- **Required action**: Please output the listing exactly as it stands, but omit any images.

- **Source material**:

....

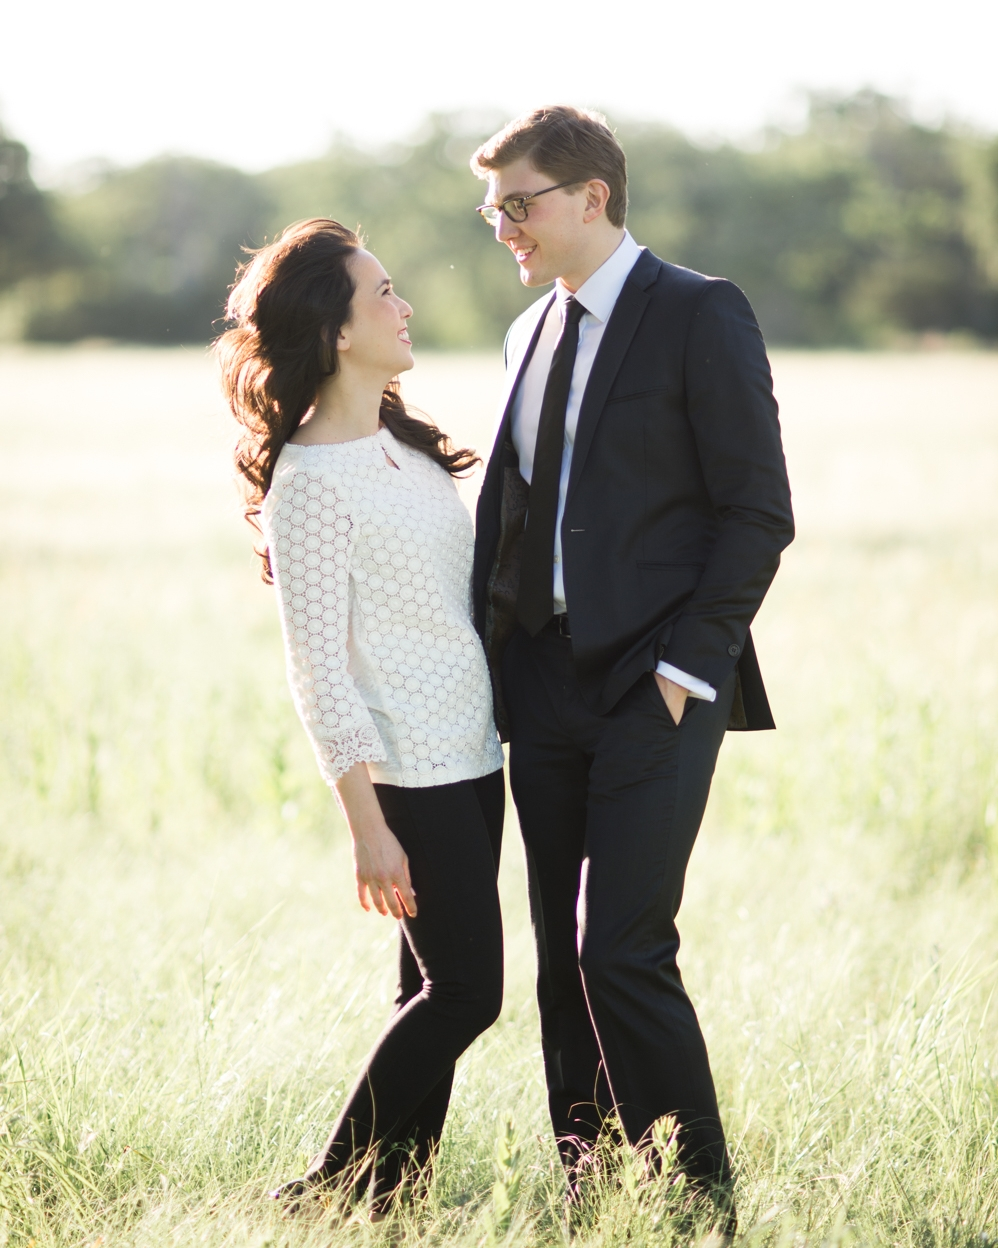 Sara & Patrick - AUSTIN TX- ENGAGEMENT
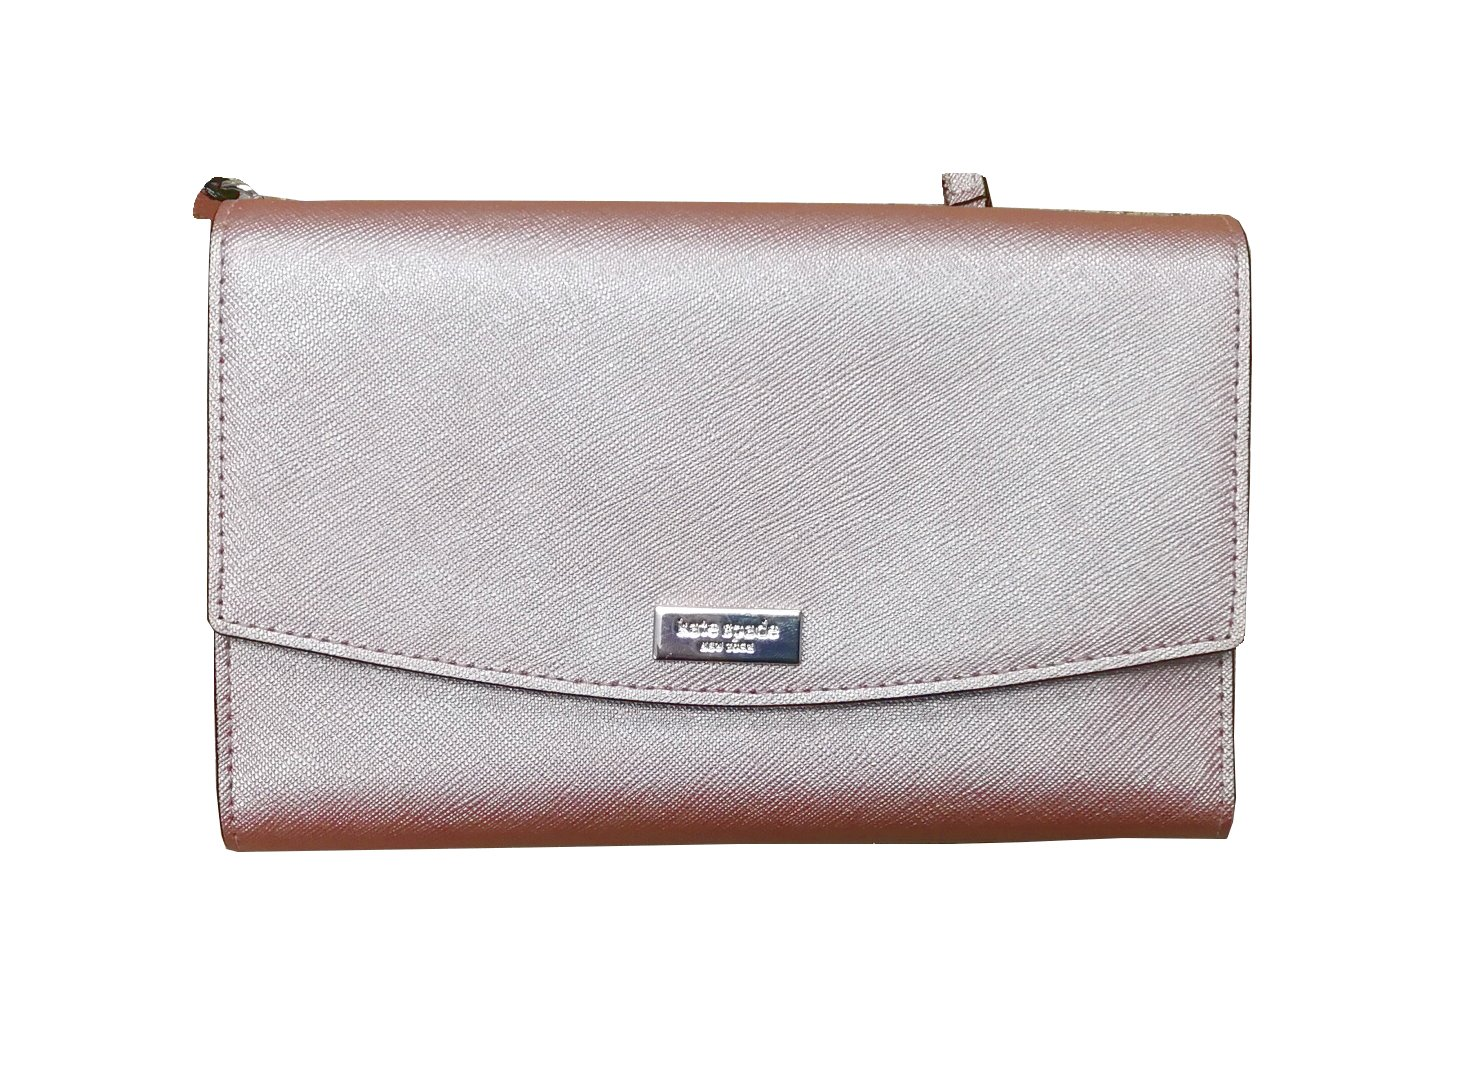 Kate Spade Laurel Way Winni Saffiano Leather Crossbody Clutch Wallet WLRU2667 Rose Gold
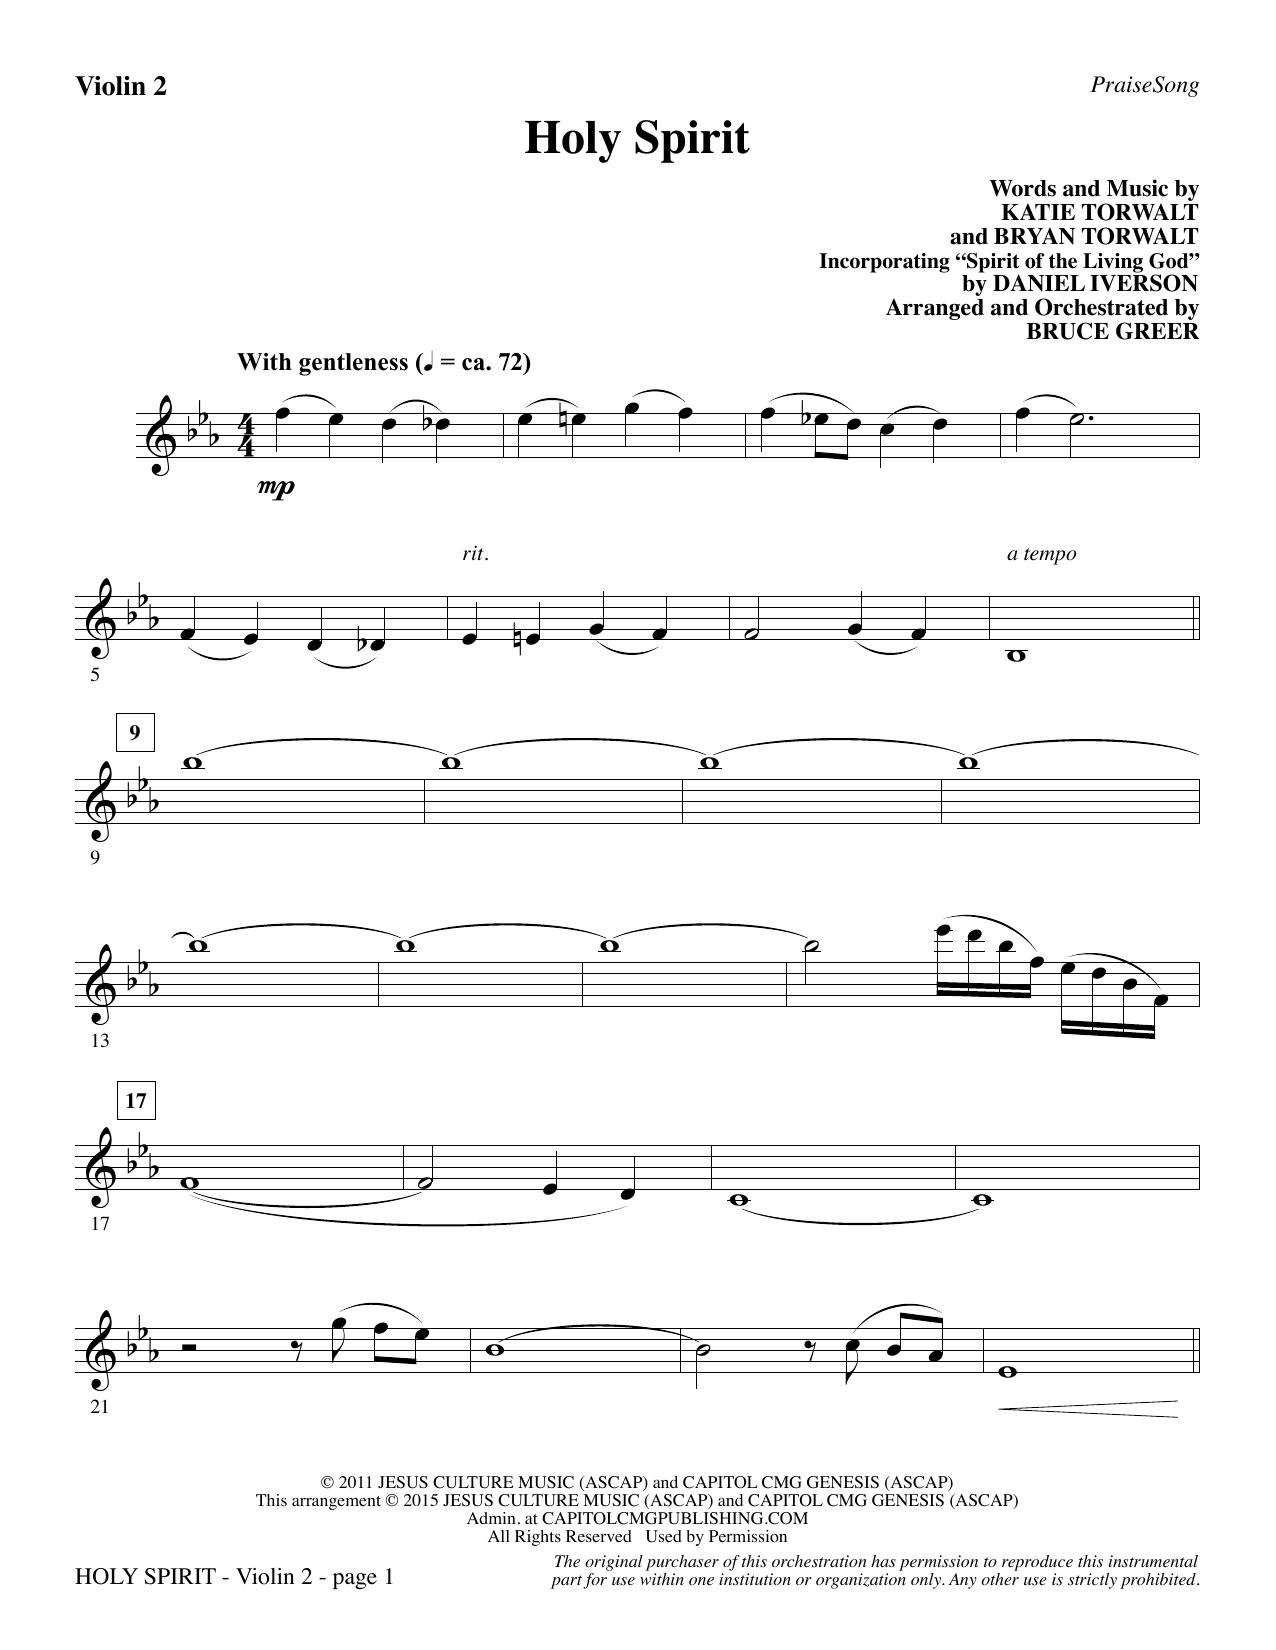 Holy Spirit - Violin 2 sheet music
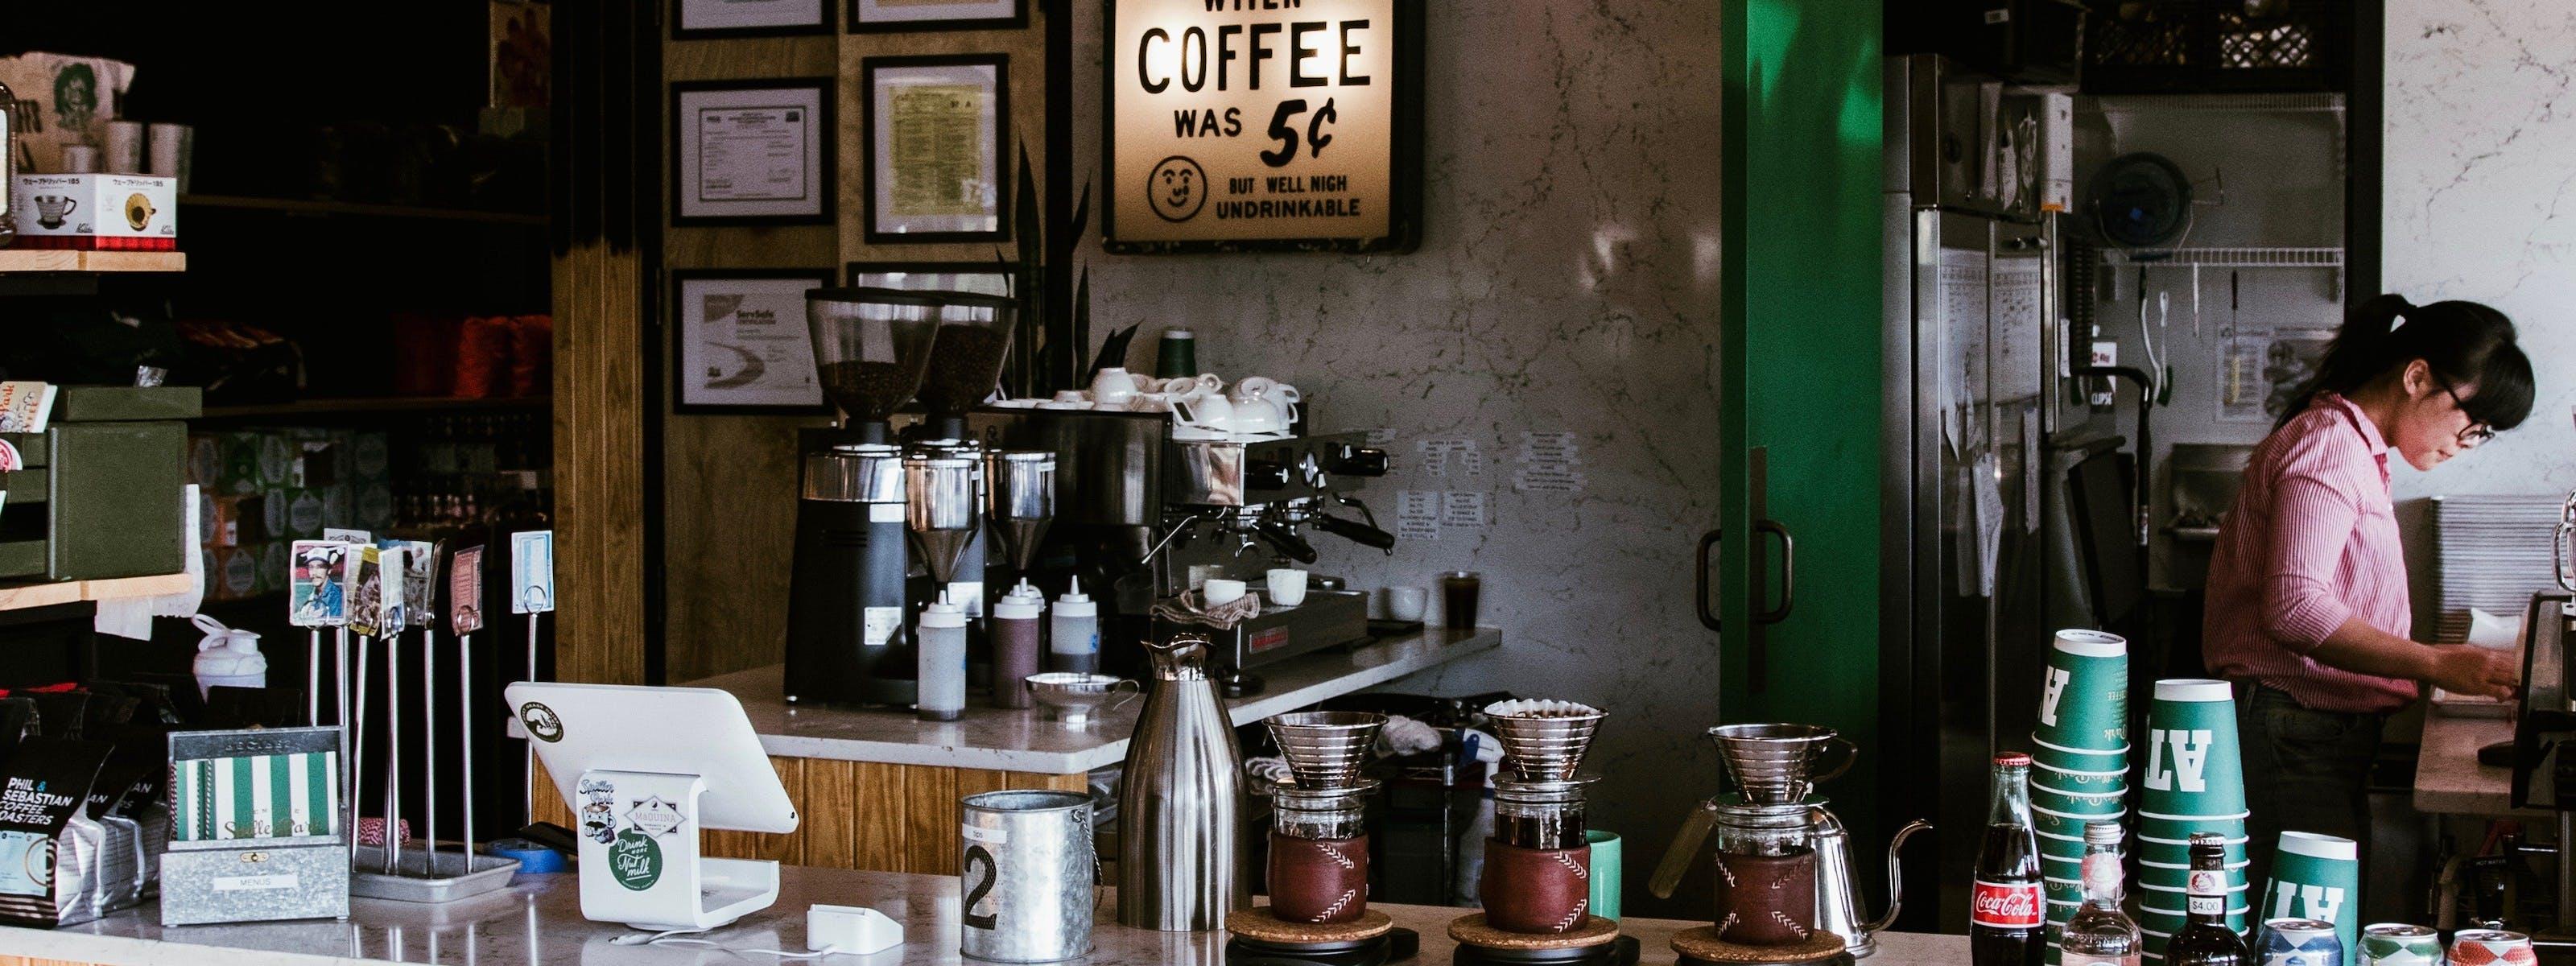 The 13 Best Coffee Shops In Atlanta - Atlanta - The Infatuation

....

- **Reply to the task**:
 Sara & Patrick - AUSTIN TX- ENGAGEMENT
 Kate Spade Laurel Way Winni Saffiano Leather Crossbody Clutch Wallet WLRU2667 Rose Gold
 Holy Spirit - Violin 2 sheet music
 The 13 Best Coffee Shops In Atlanta - Atlanta - The Infatuation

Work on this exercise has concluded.